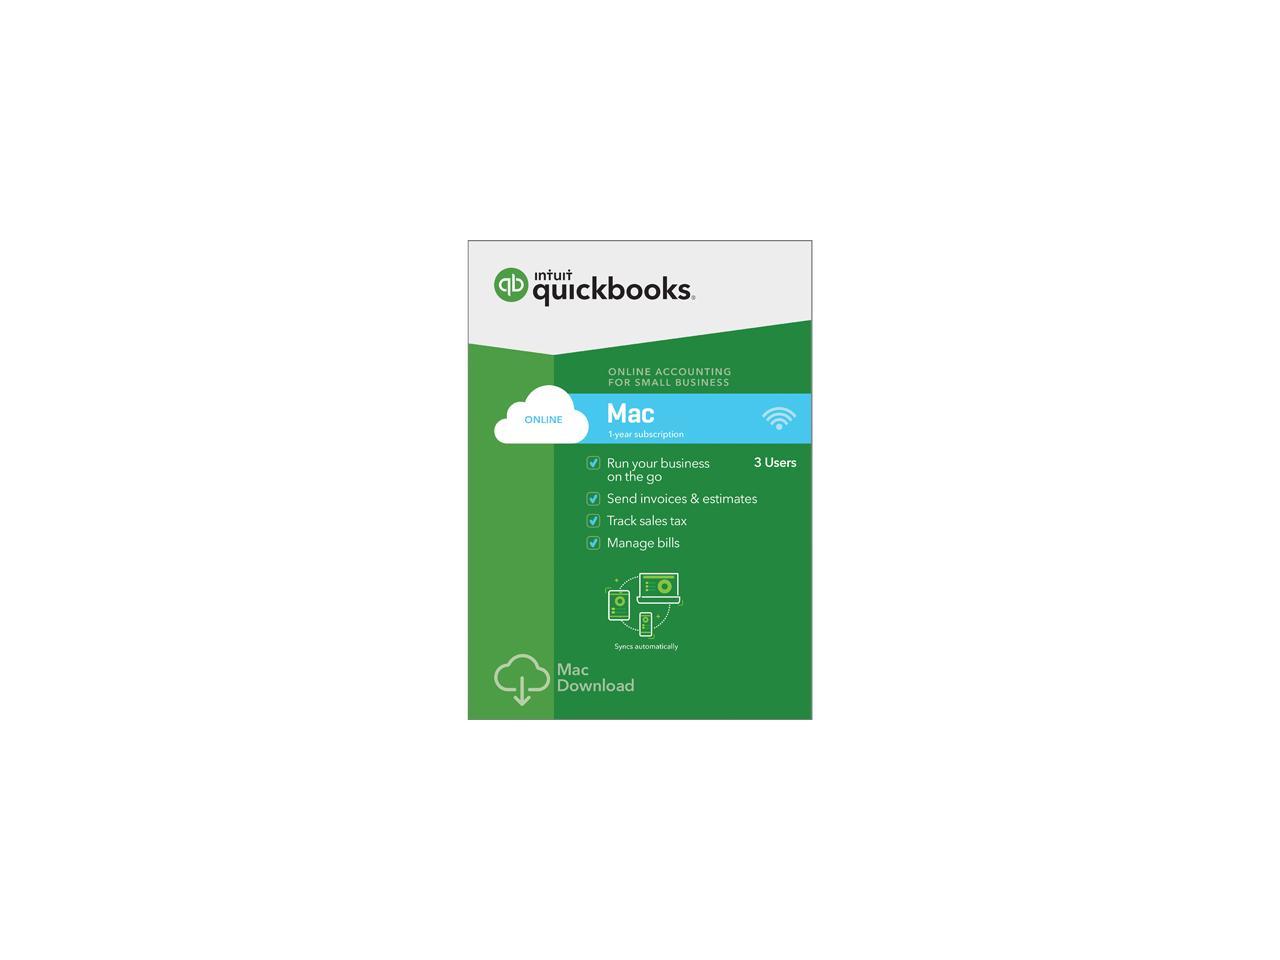 quickbooks 2019 for mac download
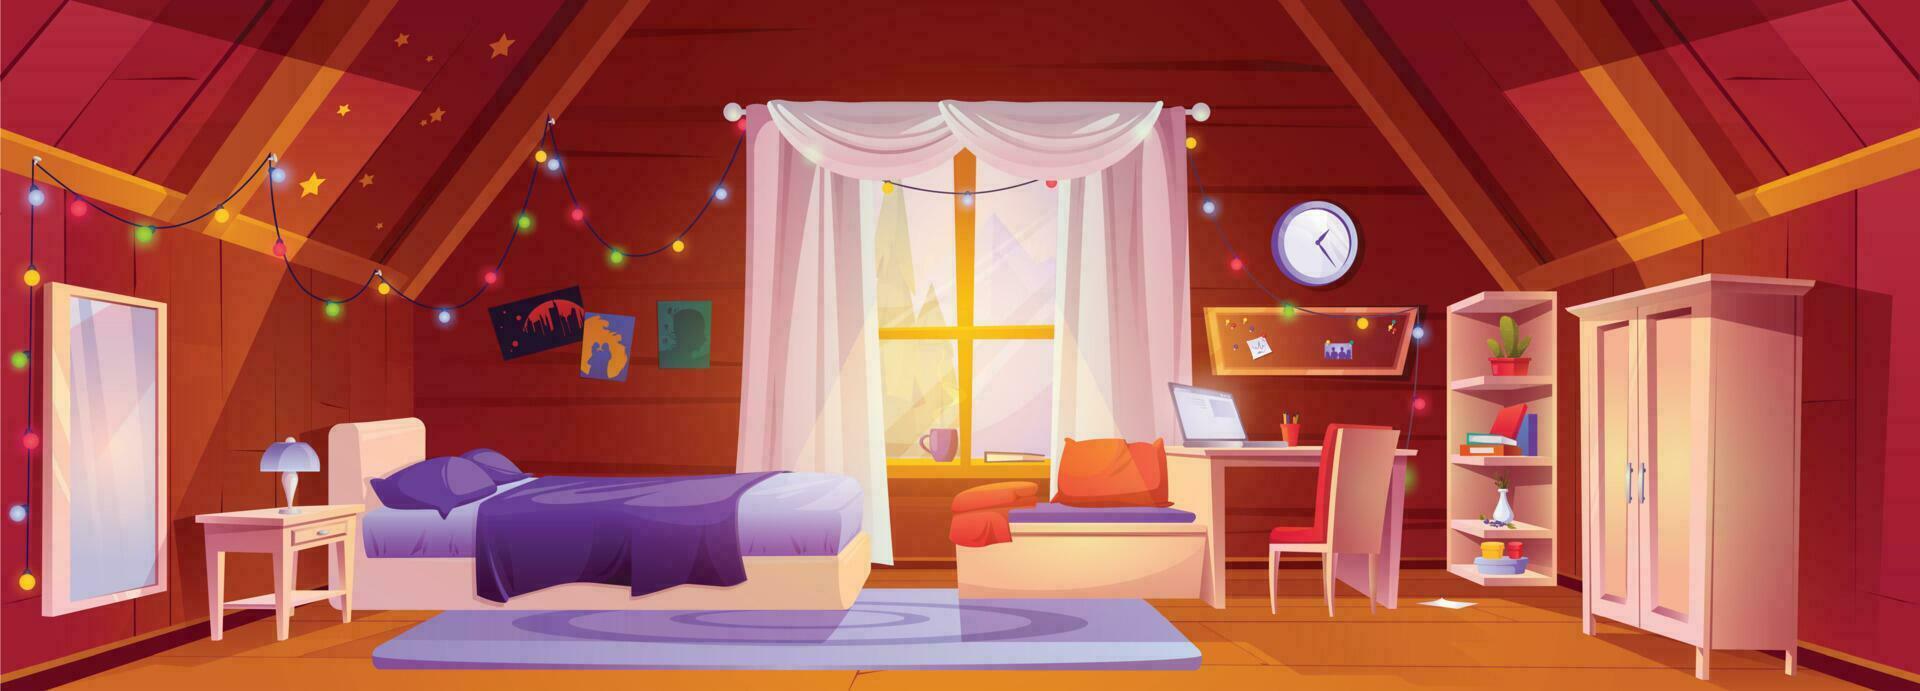 ático niña dormitorio interior con escritorio dibujos animados vector
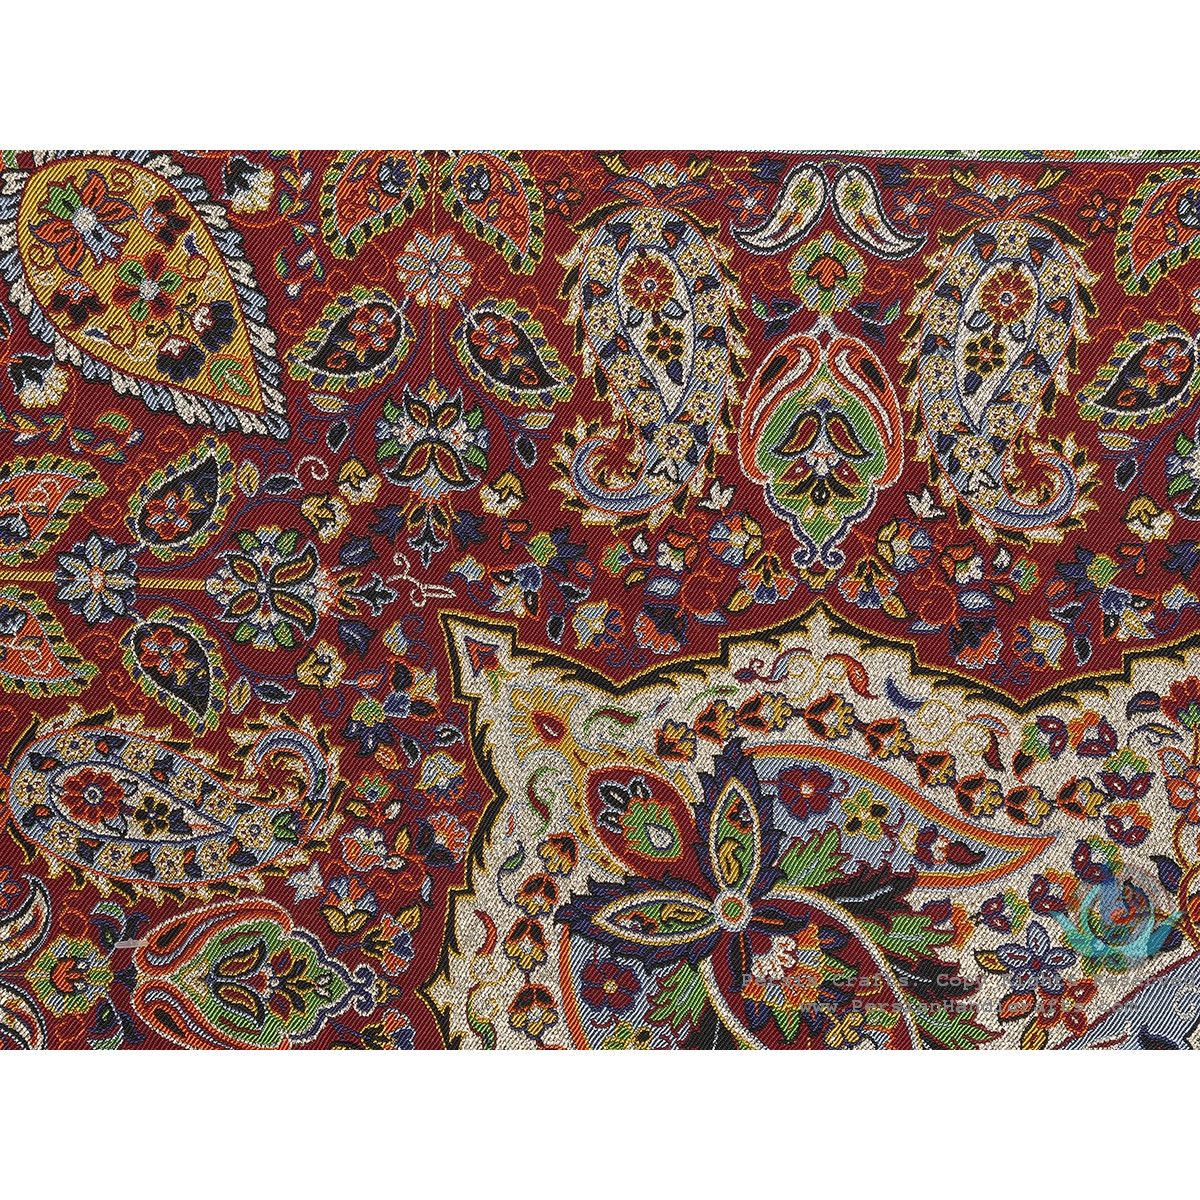 Privileged Termeh Paisly & Toranj Design Tablecloth - HT3906-Persian Handicrafts
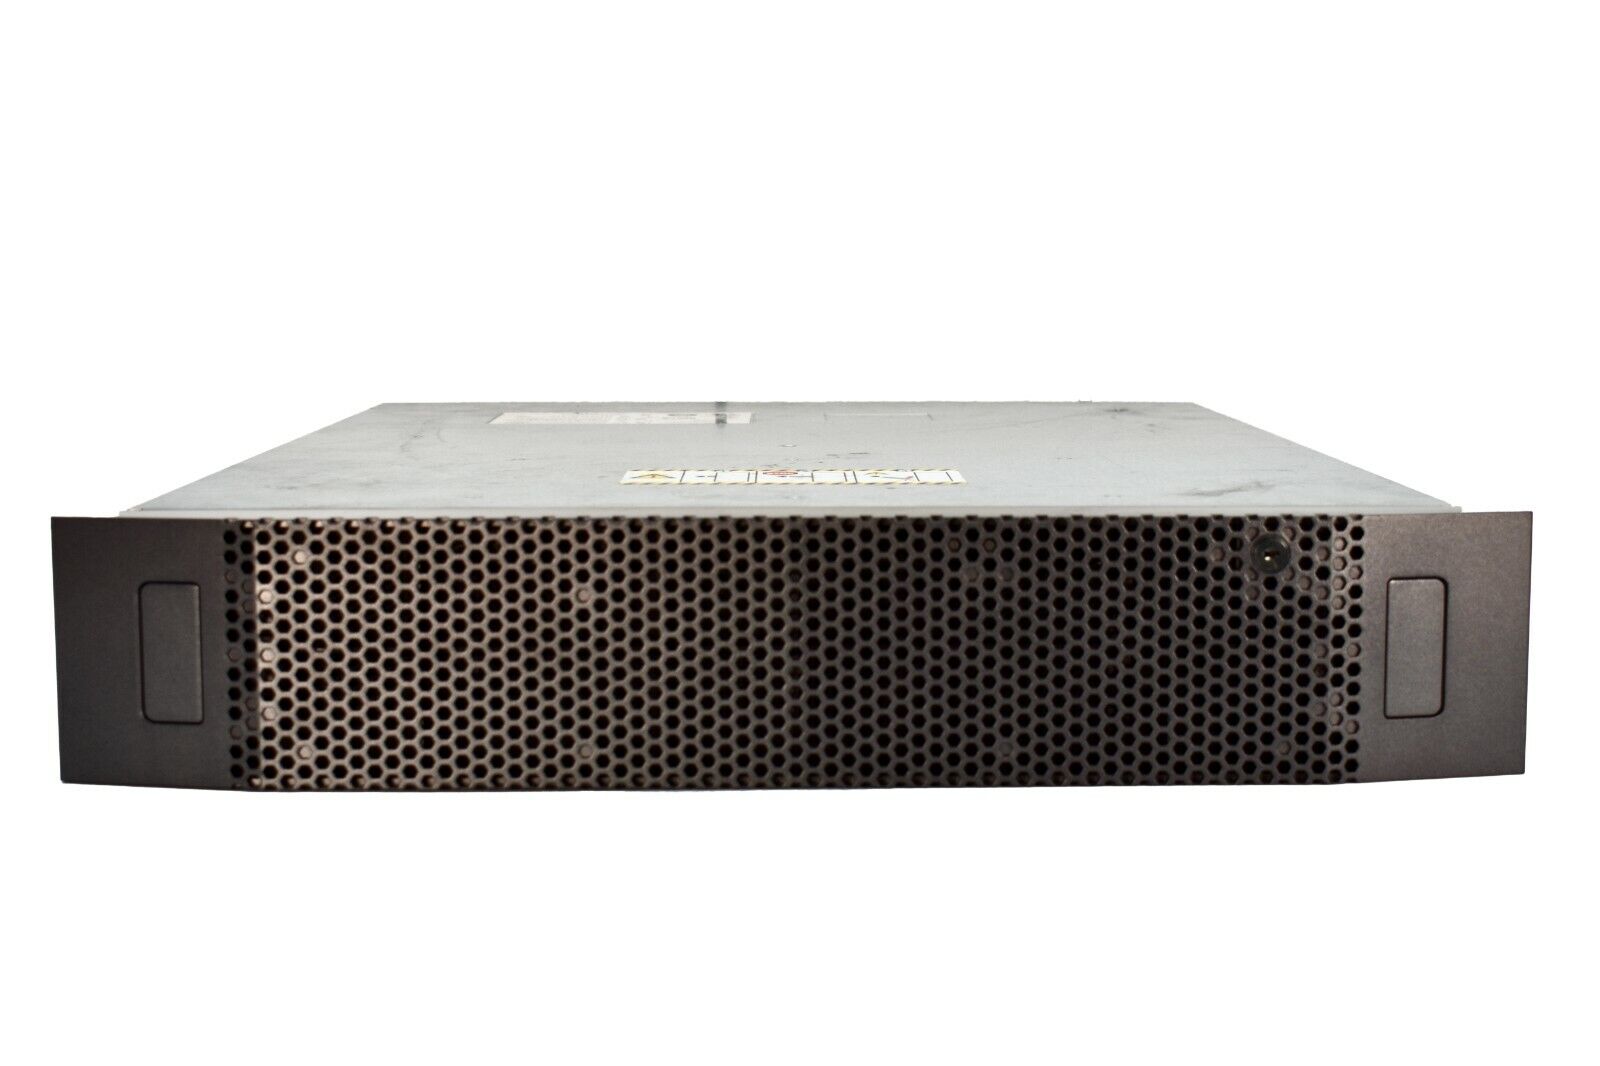 EMC VNXe Series VNXe3100 12 Bay Storage Array, 900-541-002

= = = = =

Write the listing out again in full and unchanged, minus any pictures.

 quickbooks 2019 for mac download
 ático niña dormitorio interior con escritorio dibujos animados vector
 Privileged Termeh Paisly & Toranj Design Tablecloth - HT3906-Persian Handicrafts
 EMC VNXe Series VNXe3100 12 Bay Storage Array, 900-541-002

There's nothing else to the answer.